Task item: Go through the entries below and copy each line containing the word "Design".

Data for review:
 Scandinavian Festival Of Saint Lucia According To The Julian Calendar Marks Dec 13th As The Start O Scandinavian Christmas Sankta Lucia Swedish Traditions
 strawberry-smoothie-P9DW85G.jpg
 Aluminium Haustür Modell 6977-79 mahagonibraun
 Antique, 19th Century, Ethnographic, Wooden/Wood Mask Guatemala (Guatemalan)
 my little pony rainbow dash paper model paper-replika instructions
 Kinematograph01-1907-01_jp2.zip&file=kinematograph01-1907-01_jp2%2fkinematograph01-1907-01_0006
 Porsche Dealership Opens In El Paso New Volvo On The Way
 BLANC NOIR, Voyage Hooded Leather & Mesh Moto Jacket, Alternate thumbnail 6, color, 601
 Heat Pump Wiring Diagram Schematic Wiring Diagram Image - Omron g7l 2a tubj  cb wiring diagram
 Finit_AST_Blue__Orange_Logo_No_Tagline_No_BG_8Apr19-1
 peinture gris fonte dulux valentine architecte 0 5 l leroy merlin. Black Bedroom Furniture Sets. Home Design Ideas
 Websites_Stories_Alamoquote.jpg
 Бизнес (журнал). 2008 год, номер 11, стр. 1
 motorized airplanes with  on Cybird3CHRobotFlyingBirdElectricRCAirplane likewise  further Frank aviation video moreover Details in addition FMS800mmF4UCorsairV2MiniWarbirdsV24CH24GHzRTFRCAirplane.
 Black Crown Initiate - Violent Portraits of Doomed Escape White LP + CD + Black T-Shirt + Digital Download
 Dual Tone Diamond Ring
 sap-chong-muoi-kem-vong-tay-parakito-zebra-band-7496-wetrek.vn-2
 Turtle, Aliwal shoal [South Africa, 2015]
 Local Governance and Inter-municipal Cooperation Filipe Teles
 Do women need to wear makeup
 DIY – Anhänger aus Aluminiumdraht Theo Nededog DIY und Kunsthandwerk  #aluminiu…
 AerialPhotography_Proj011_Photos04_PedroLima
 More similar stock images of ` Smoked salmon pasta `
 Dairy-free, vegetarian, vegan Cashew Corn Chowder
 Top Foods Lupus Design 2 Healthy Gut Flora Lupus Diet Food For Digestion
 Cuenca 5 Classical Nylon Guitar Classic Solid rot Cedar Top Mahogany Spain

Response area:
 peinture gris fonte dulux valentine architecte 0 5 l leroy merlin. Black Bedroom Furniture Sets. Home Design Ideas
 Top Foods Lupus Design 2 Healthy Gut Flora Lupus Diet Food For Digestion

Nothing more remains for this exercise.